--- Information Enclosed Below ---

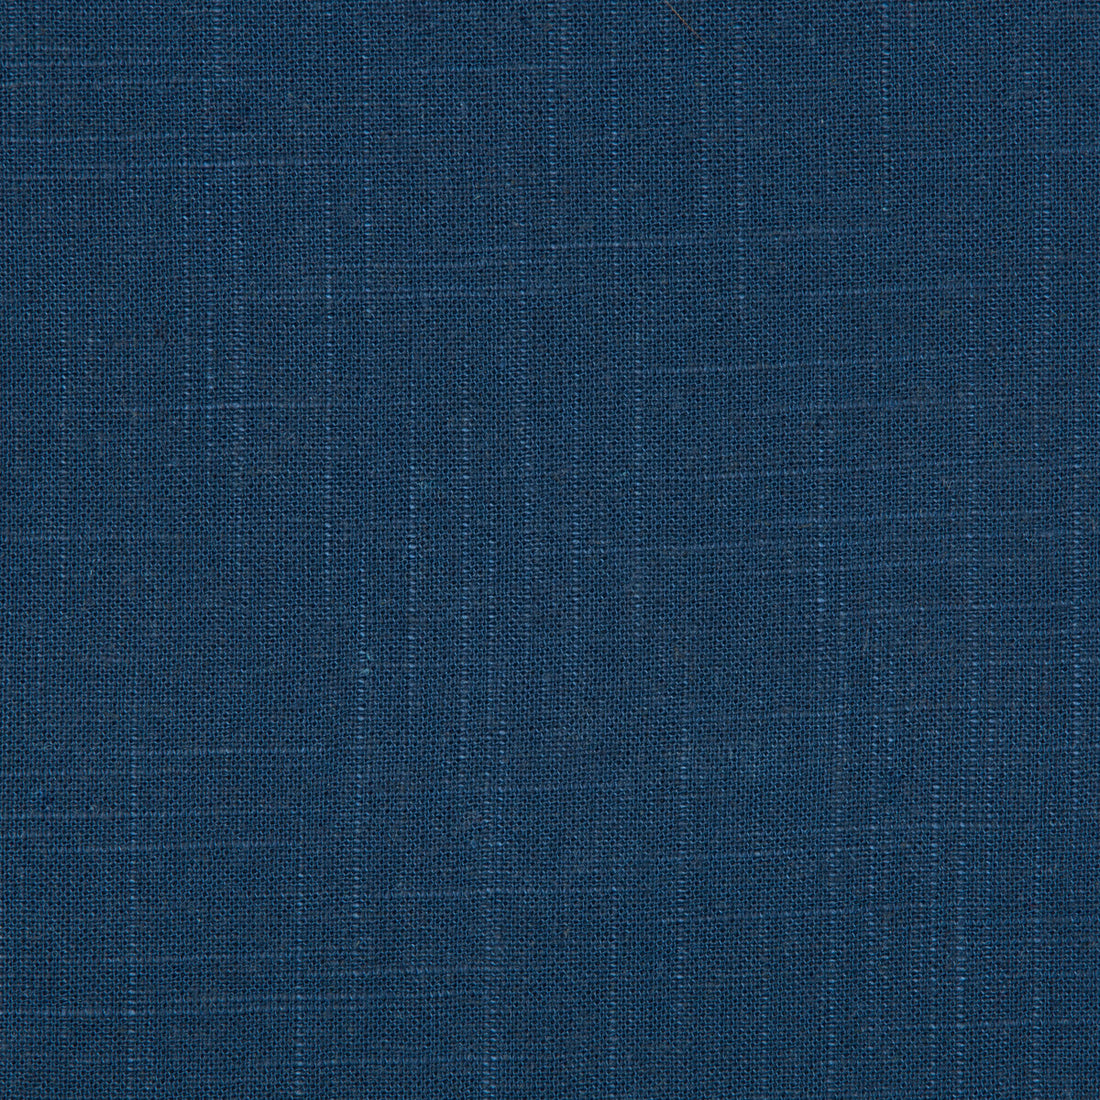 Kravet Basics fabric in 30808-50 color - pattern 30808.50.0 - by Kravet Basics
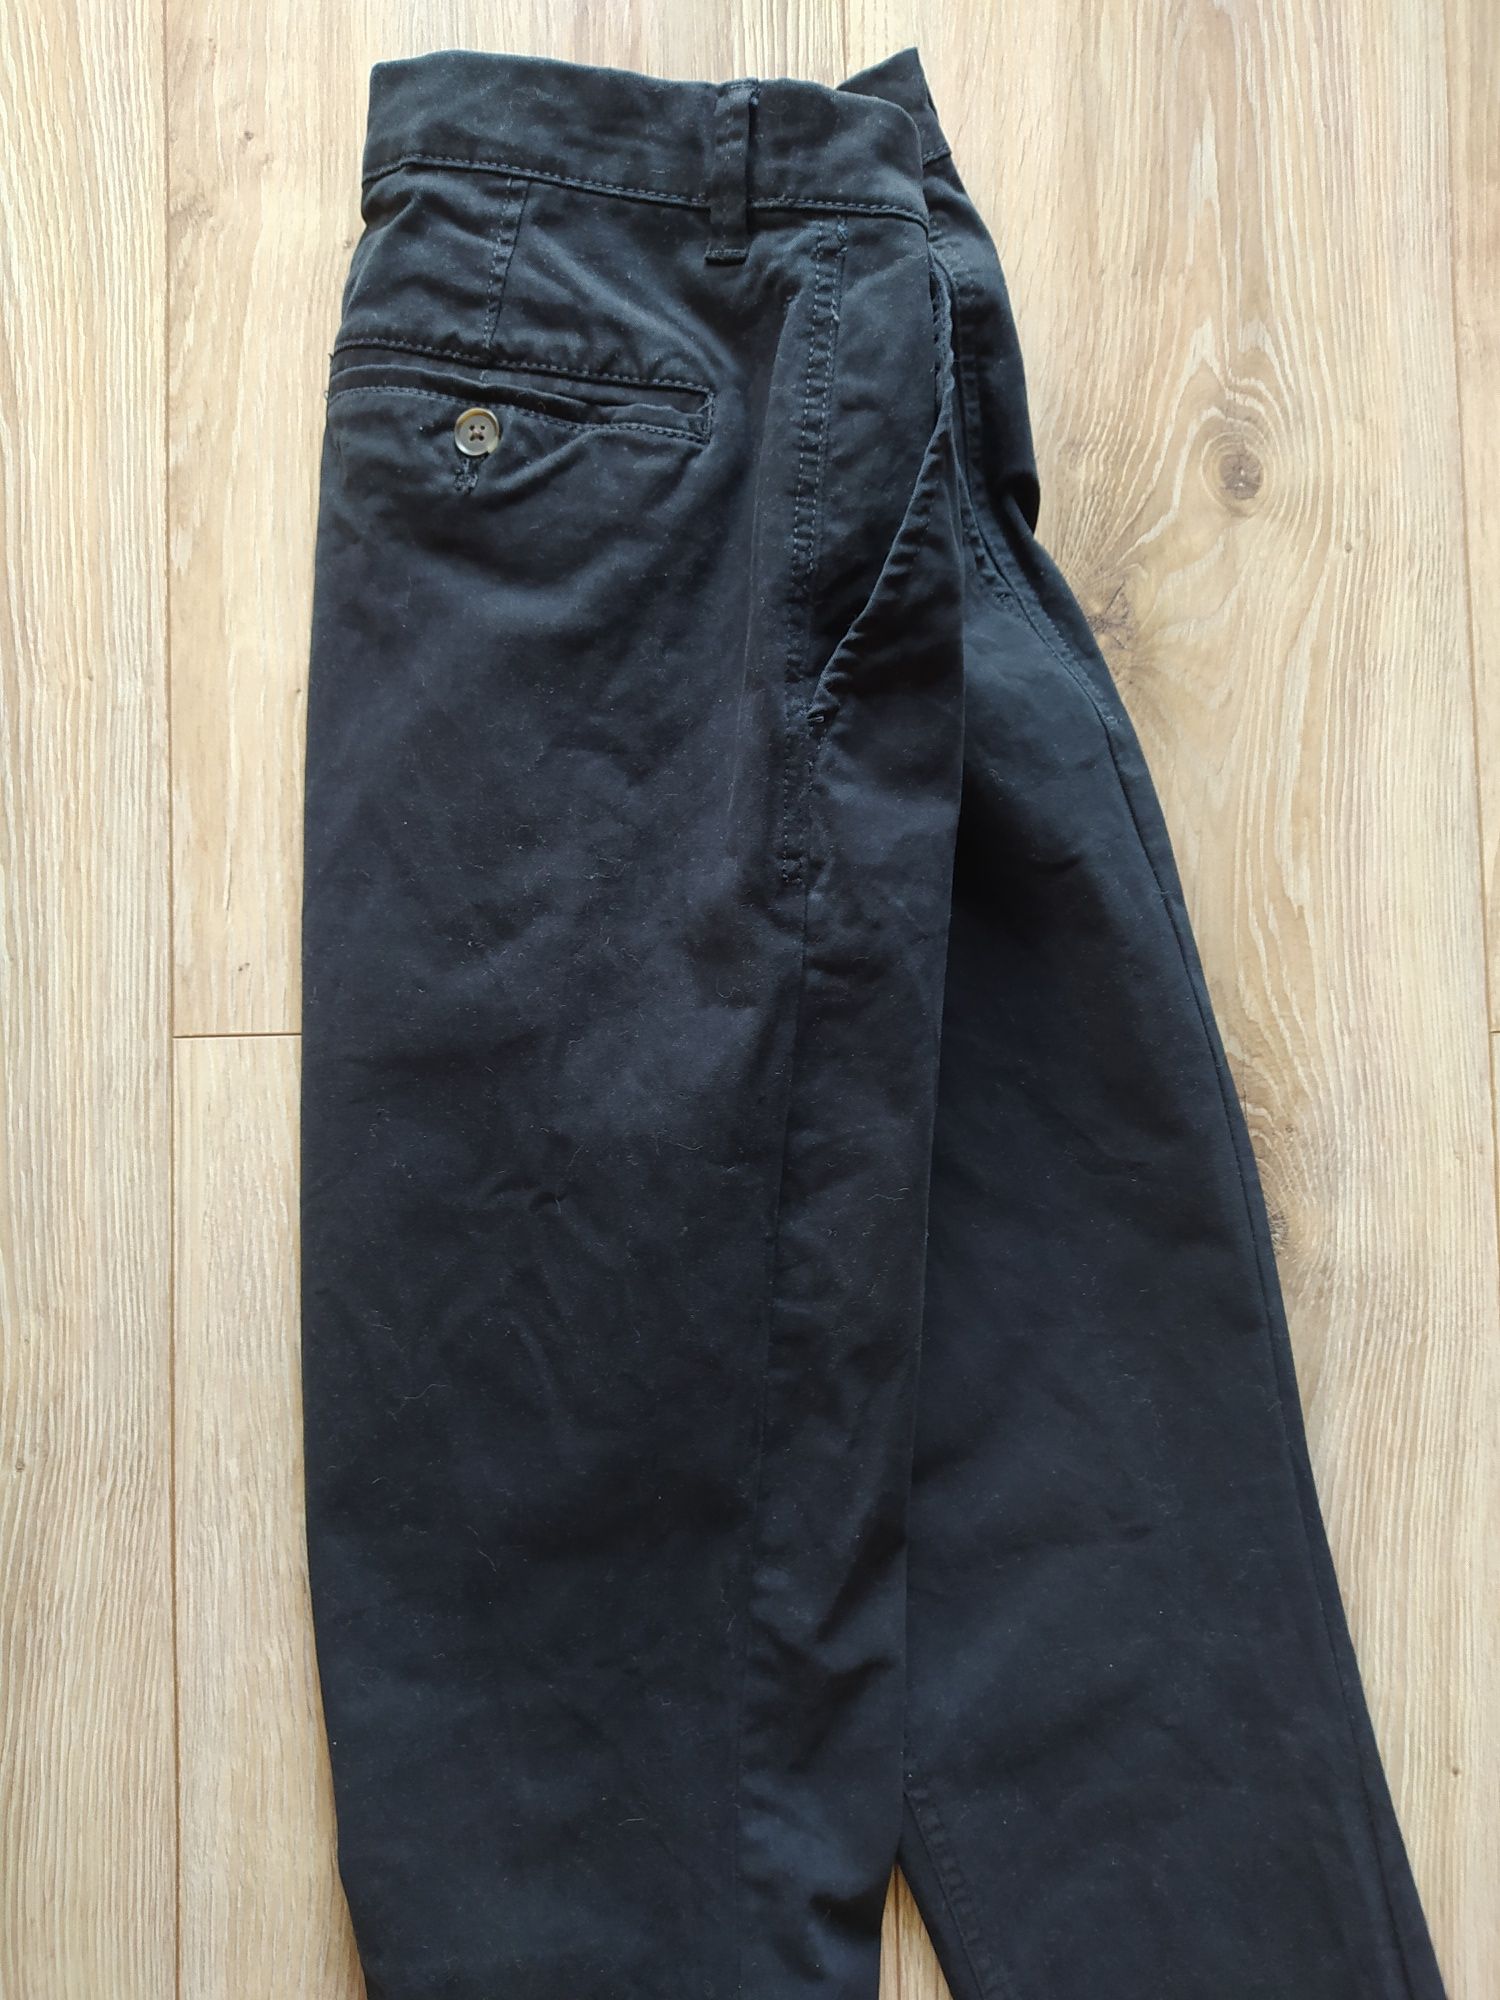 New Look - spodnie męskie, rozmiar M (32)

--- End of Enclosed Information ---
--- Information Enclosed Below ---

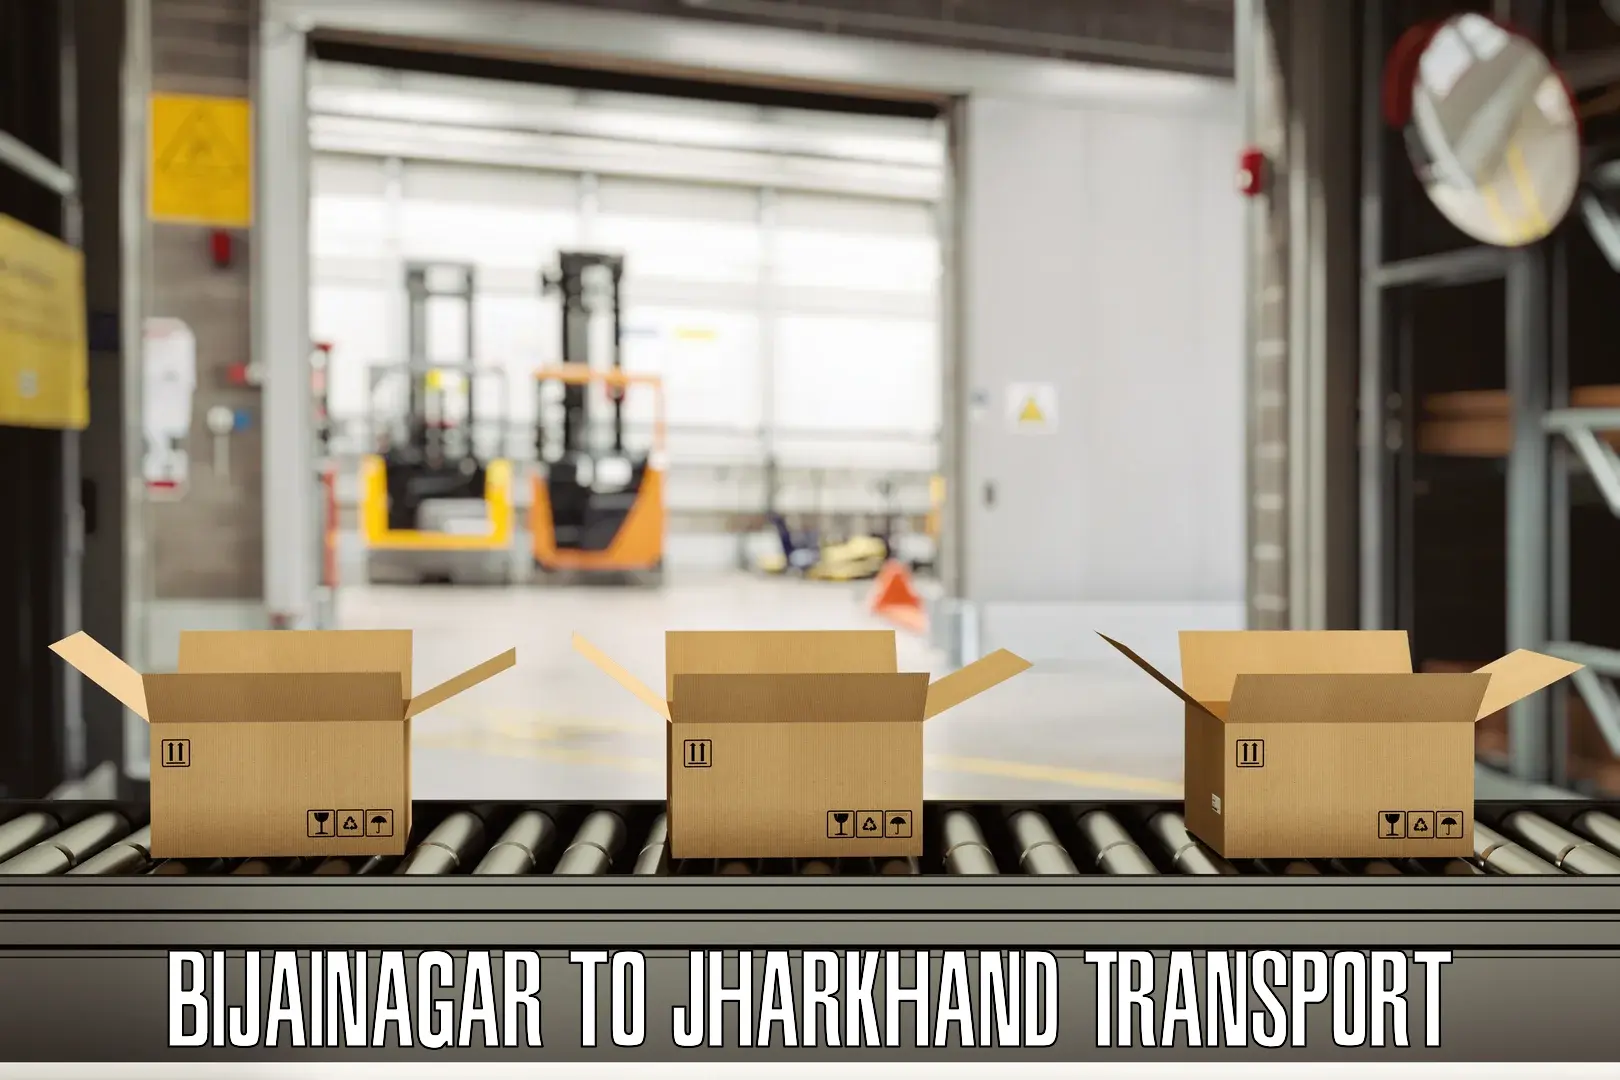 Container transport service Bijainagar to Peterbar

--- End of Enclosed Information ---

Starting at the line above that has "Kravet Basics fabric" and ending at the line that has "New Look - spodnie męskie, rozmiar M (32)", copy each line exactly, leaving the pictures out and adding nothing.

 Kravet Basics fabric in 30808-50 color - pattern 30808.50.0 - by Kravet Basics
 New Look - spodnie męskie, rozmiar M (32)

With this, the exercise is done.